Starbuck found himself chuckling at the way Nik delivered the line with a quirky grin. Unfortunately, the laughter turned into a cough as he hacked up a lung past his raw throat. Cassie was there placing a mask back over his face, but he didn't fight it as a cool mist soothed the cough and coated his throat. Nik didn't move away, keeping his hand on him even when Cassie said softly, "He may be contagious." He just shrugged. Starbuck wanted to reach up to pat that hand, tried to move his arm before he remembered he couldn't. He sighed deeply as he mumbled to himself, "Give it time."
He and Nik sat in silence, but it wasn't uncomfortable, just quiet. He thought about shutting his eyes and taking a nap. It did make him feel better knowing that Rene's friend would watch out for him. He didn't need to tell Nik to wake him when Rene came back, he knew he would. The thought of Rene had him wondering, if Nik was so much more different now than he had been before, what about Rene?
"Hey, what was Rene like before…before the destruction I mean?" He wasn't sure if Nik heard him as it took a moment or two before he answered, drawing in a deep breath, letting it out before he spoke.

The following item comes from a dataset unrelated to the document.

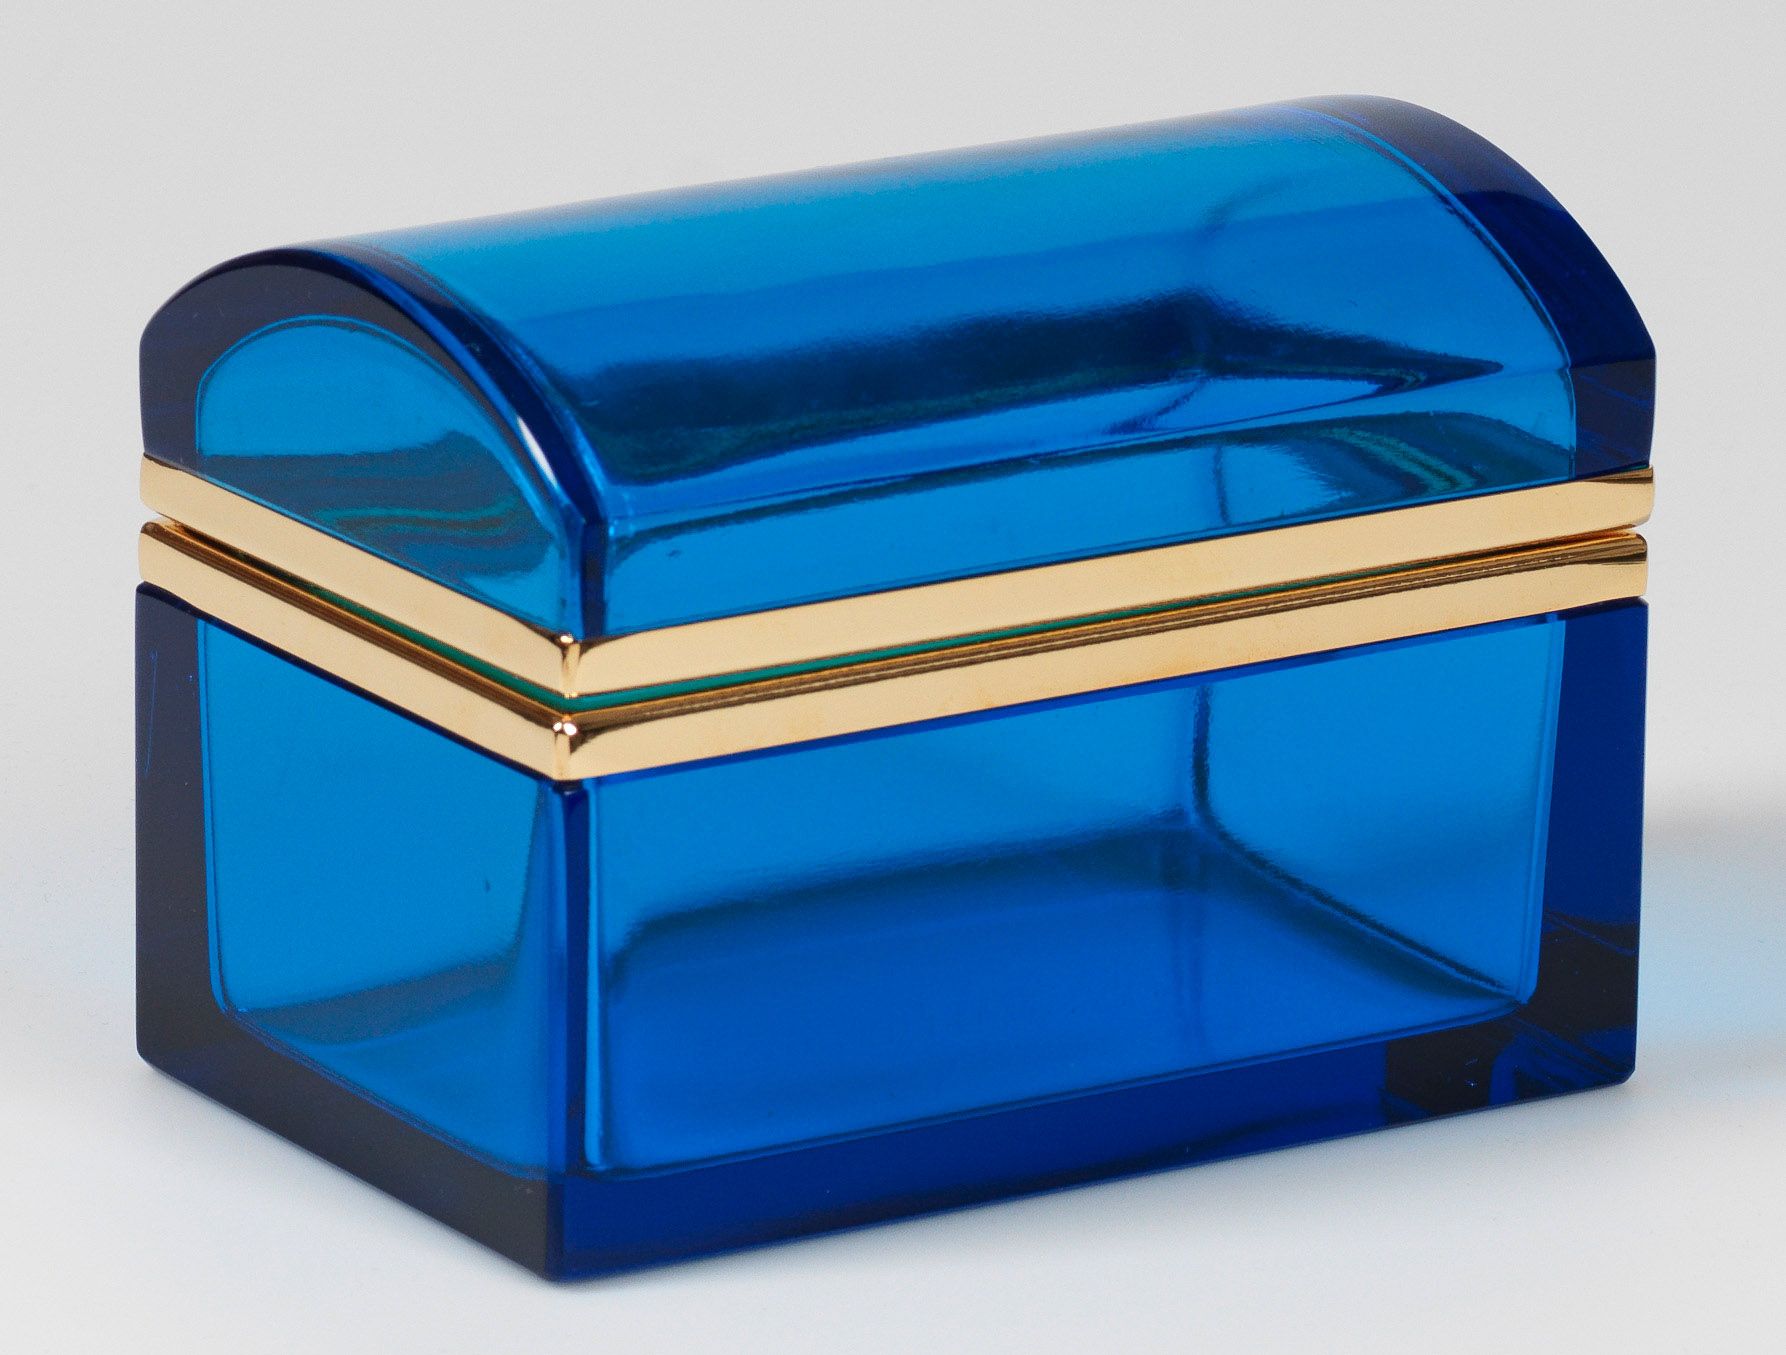 Null 装饰艺术盒 长方形柜子，带圆形盖子。深蓝色透明玻璃经切割和抛光处理。黄铜铰链座。高 9.8 厘米，13.5 厘米 x 8.5 厘米。
一个法国装饰艺术&hellip;

"She was a lot like she is with you, that's why we like you so much. She'd laugh and sing and tell really good sarcastic jokes. She'd bust your balls and keep score. I don't miss that, but she was always up for an adventure. She'd make us do things just because we'd never done them before. She could toy with people, you know, but as a joke, for fun. Now, it's for revenge and that's not because of the Cylons."
Starbuck didn't want to know about the Zakar or Dante, not while he wasn't able to punch something. He turned the conversation to another topic. "And Jake?"
About the time Nik got to either Jonas or Alex, Starbuck was drifting off to the man's soft voice. The last words he thought he heard were a quiet, "I'll be here."